E.) Tuthmosis I (1504 -1492 BC) extended Egypts sphere of influence to the Euphrates

The Kings and States Involved c 1850 BC

A.) The mention of Syrian kings in Genesis:14. The period when the Hittites begin to emerge as a group sufficiently well organized to have a king list is the same period when Genesis 14:1 takes the opportunity to give us a list of kings.

A bit after the "first arrival of the Hebrews in Egypt" there is in Genesis 14:1 a reference to four great kings.

B.) They were Amraphael king of shinar, Arioch king of Ellasar, Chedor-laomer, king of Elam and Tidal king of the Goiim making war on Bera king of Sodom, Birsha kibg of Gomorrah, Shinab, king of Admah, and Shemeber the king of Bela or Zoar.

C.) Assuming shinar = Eshunna; and the title Amra (empowered by the sun god) is equivalent to the title Ibal (empowered by the storm god) then Amra-pha-el might be taken as Ibal-pi-el ruling c 1850-1840 BC (CAM, p 111)
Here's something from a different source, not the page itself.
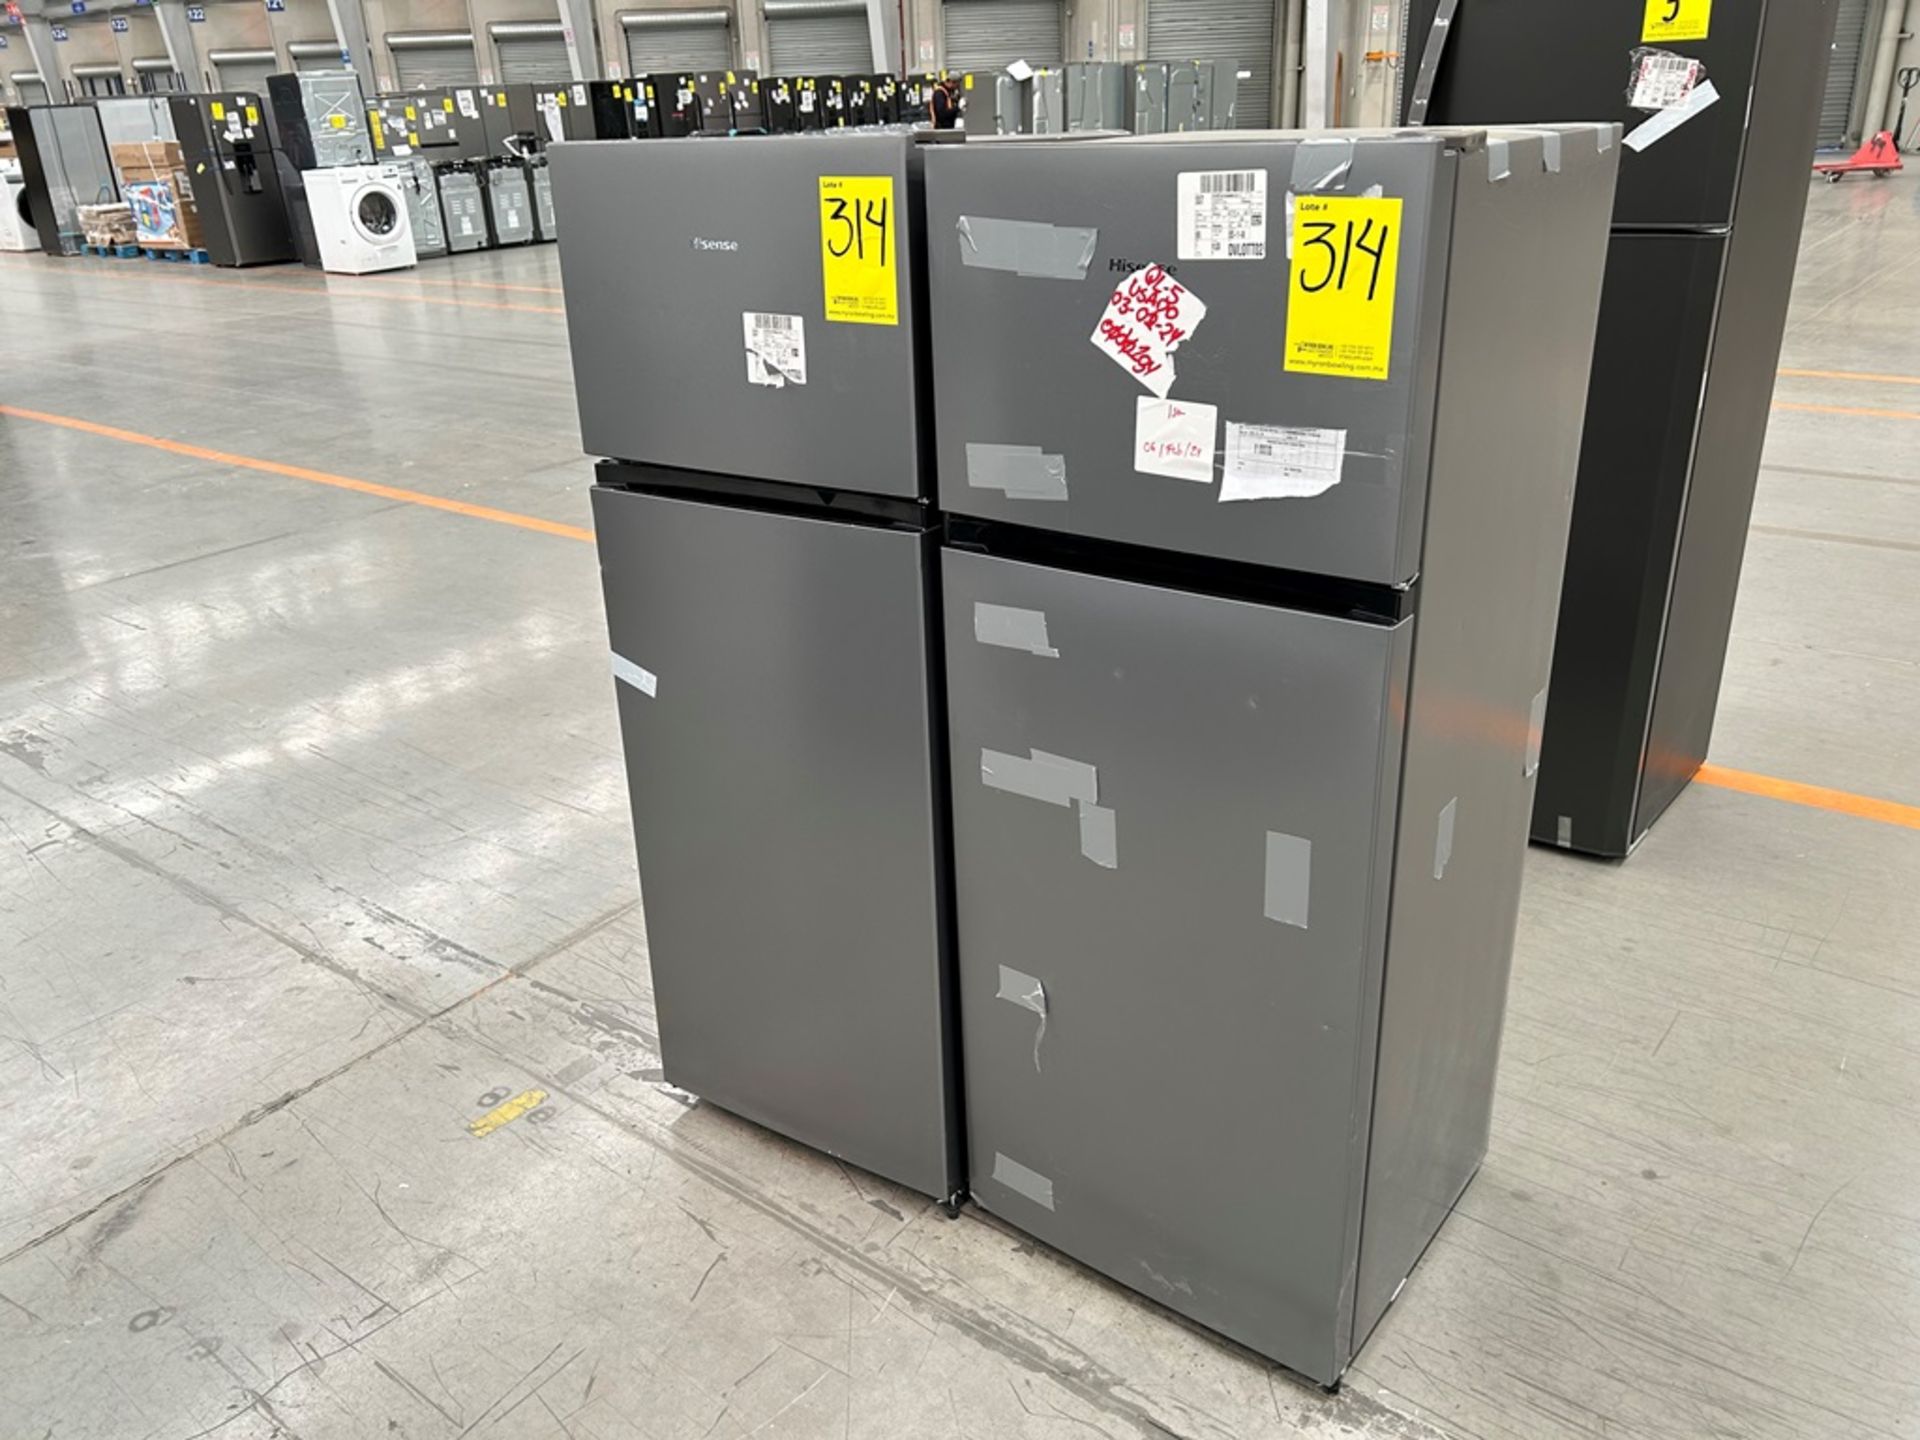 Lote de 2 Refrigeradores, contiene: 1 Refrigerador Marca HISENSE, Modelo RT80D6AGX Serie VP20148, C - Image 2 of 6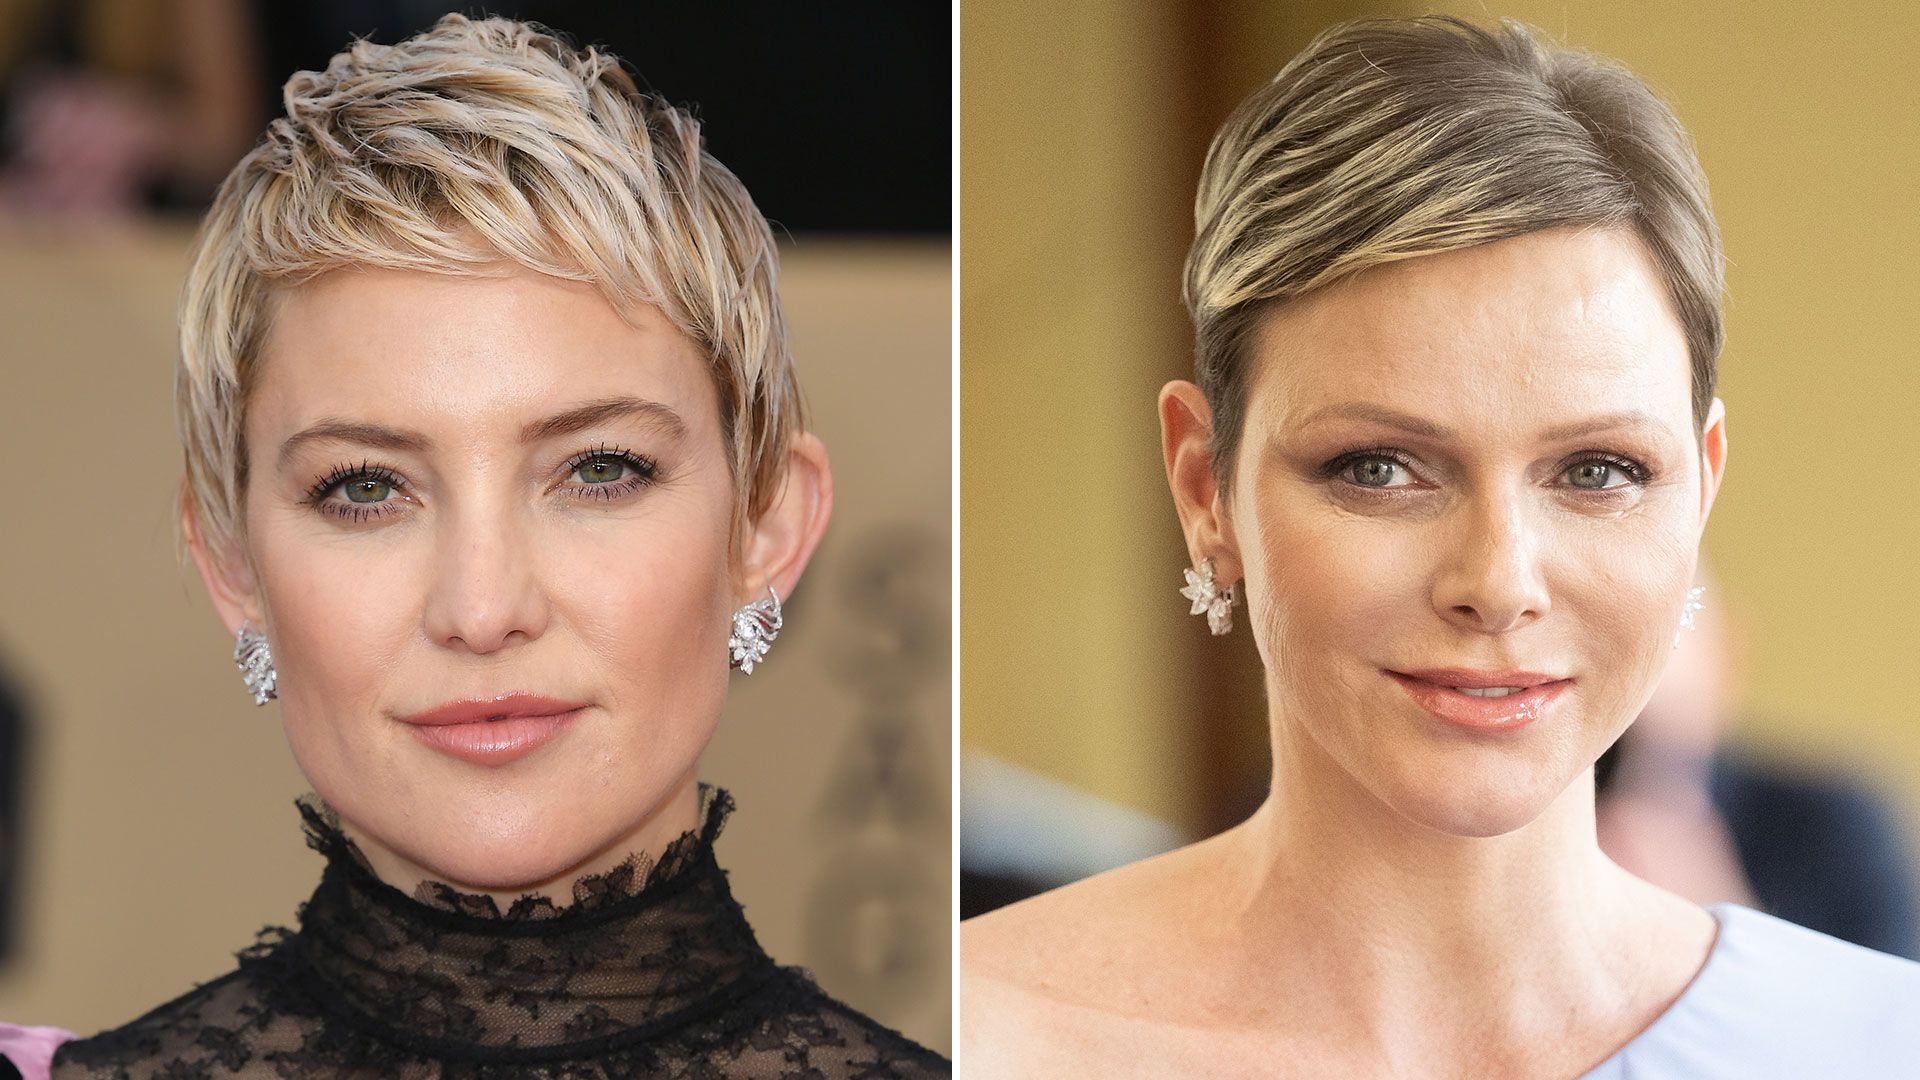 Jennifer Hudson Get Super-Short Hair, Celebrity Hair Changes

D.) Assuming elLasar = el Larsa; (power of larsa) Ari-och might be taken as Sin eri-bam c 1842-1841 BC

E.) Assuming Elam = Elam; Chedor-laomer might be taken as Addah-ushu ruling at the time of Senwosret III between c 1878-1841 BC

F.) The names and dates in the king lists from Genesis:14.1 agree with the names and dates in the king lists from other sources; The Mari letters, The Armana letters CAM, Baines and Mal'ik, and the ANE

The movements of Peoples

A.) Note that at the time the Hittites are supposed to have conguered Babylon the Hittites have barely begun to establish themselves as a kingdom, let alone as an empire. In fact it is the Mittani, Assyrians and Kassites who are inheriting north western Mesopotamia, Syria and Anatolia from the Akkadians who themselves only begin emerging as a semitic rival to Sumer in Kish c 2400 BC.